# Mosaic AI Agent Framework: Author and deploy an OpenAI Responses API agent using a model hosted on Mosaic AI Foundation Model API

This notebook shows how to author an OpenAI Responses agent and wrap it using the [`ResponsesAgent`](https://mlflow.org/docs/latest/api_reference/python_api/mlflow.pyfunc.html#mlflow.pyfunc.ResponsesAgent) interface to make it compatible with Mosaic AI. In this notebook you learn to:

- Author an [Open AI Responses API](https://platform.openai.com/docs/api-reference/responses) agent (wrapped with `ResponsesAgent`) that calls an LLM hosted using Mosaic AI Foundation Models.
- Manually test the agent
- Evaluate the agent using Mosaic AI Agent Evaluation
- Log and deploy the agent

To learn more about authoring an agent using Mosaic AI Agent Framework, see Databricks documentation ([AWS](https://docs.databricks.com/aws/generative-ai/agent-framework/author-agent) | [Azure](https://learn.microsoft.com/azure/databricks/generative-ai/agent-framework/create-chat-model)).

## Prerequisites
- Address all `TODO`s in this notebook.

In [0]:
%pip install -qqqq backoff databricks-openai uv databricks-agents mlflow-skinny[databricks]
dbutils.library.restartPython()


## Define the agent in code
Define the agent code in a single cell below.

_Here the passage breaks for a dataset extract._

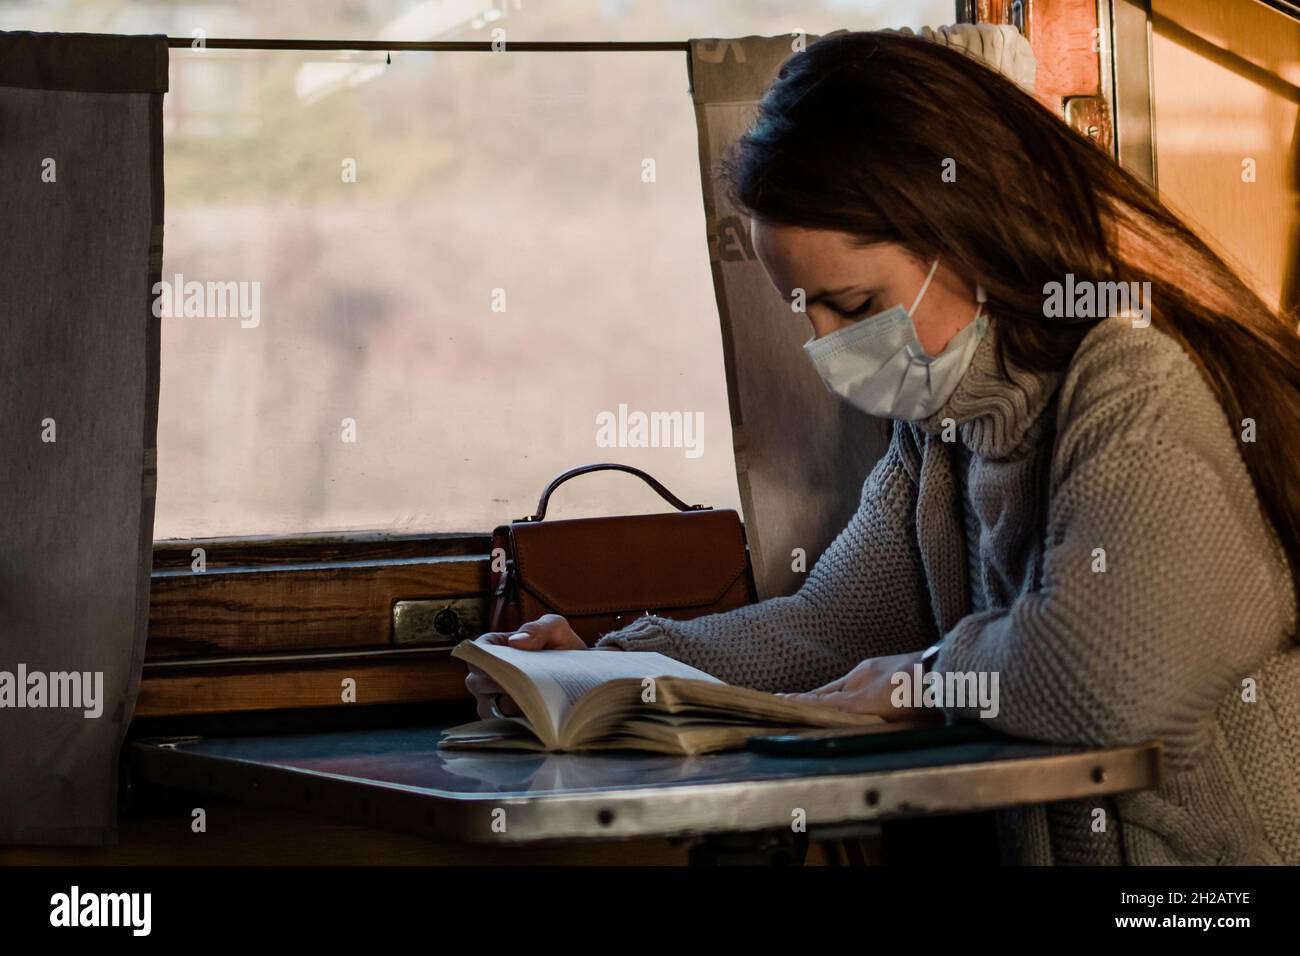 Eine junge Frau in einer medizinischen Maske reist während einer Coronavirus-Pandemie mit dem Zug. Das Mädchen liest ein Buch und hört Musik im Zug. T Stockfoto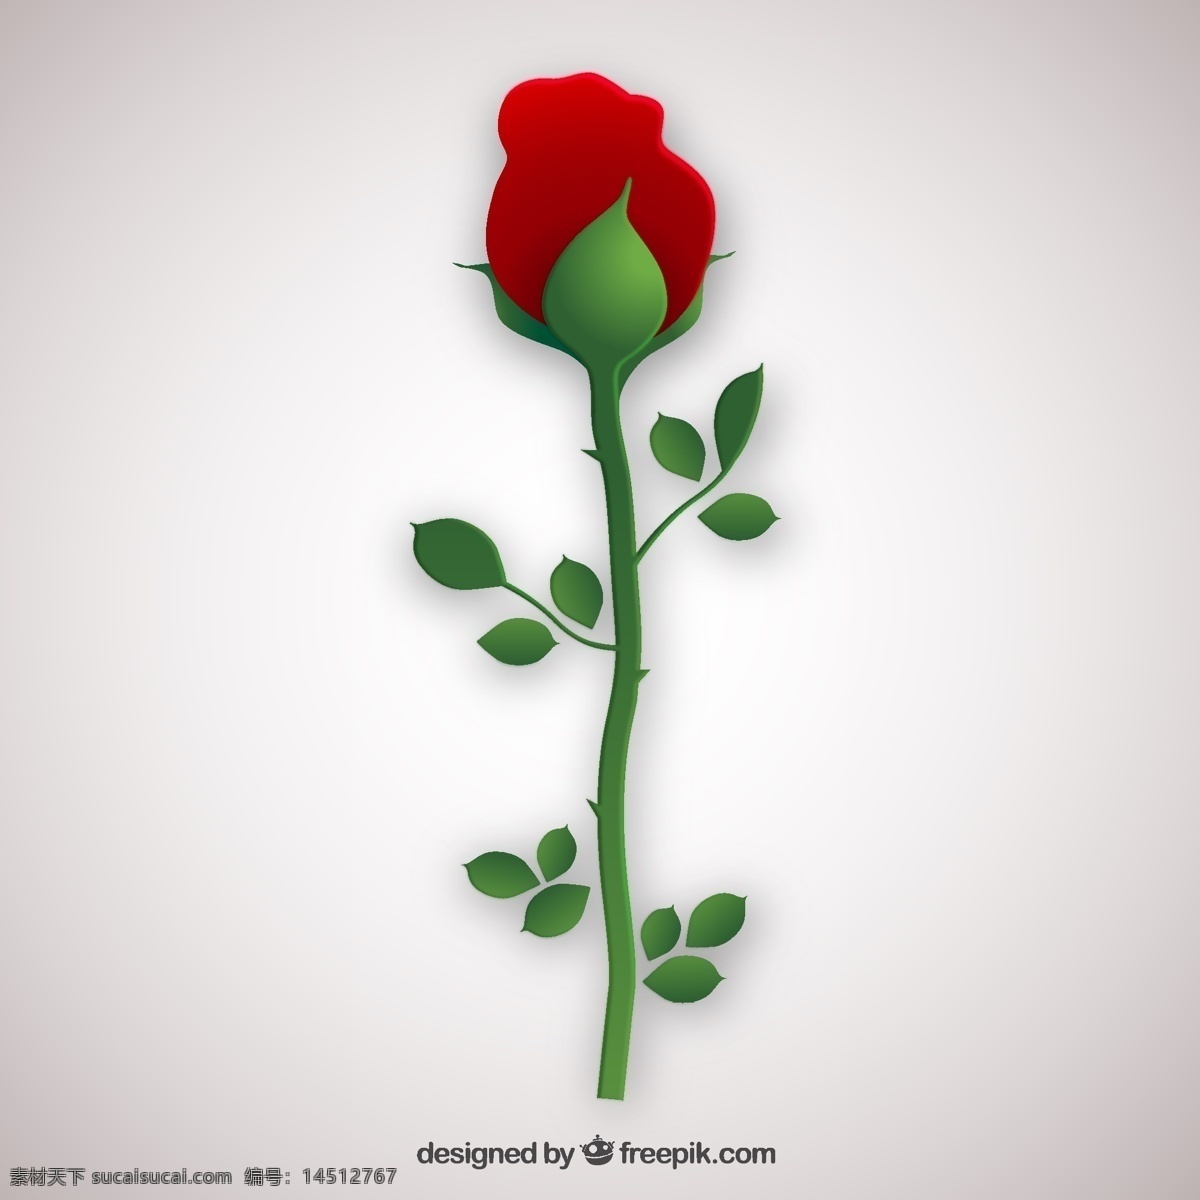 情人节玫瑰花 花卉 自然 春天 玫瑰 情人节 红色 地势平坦 植物 平面设计 鲜花 绽放

This lets you easily write the agent code to a local Python file, using the `%%writefile` magic command, for subsequent logging and deployment.

#### Agent tools
This agent code adds the built-in Unity Catalog function `system.ai.python_exec` to the agent. The agent code also includes commented-out sample code for adding a vector search index to perform unstructured data retrieval.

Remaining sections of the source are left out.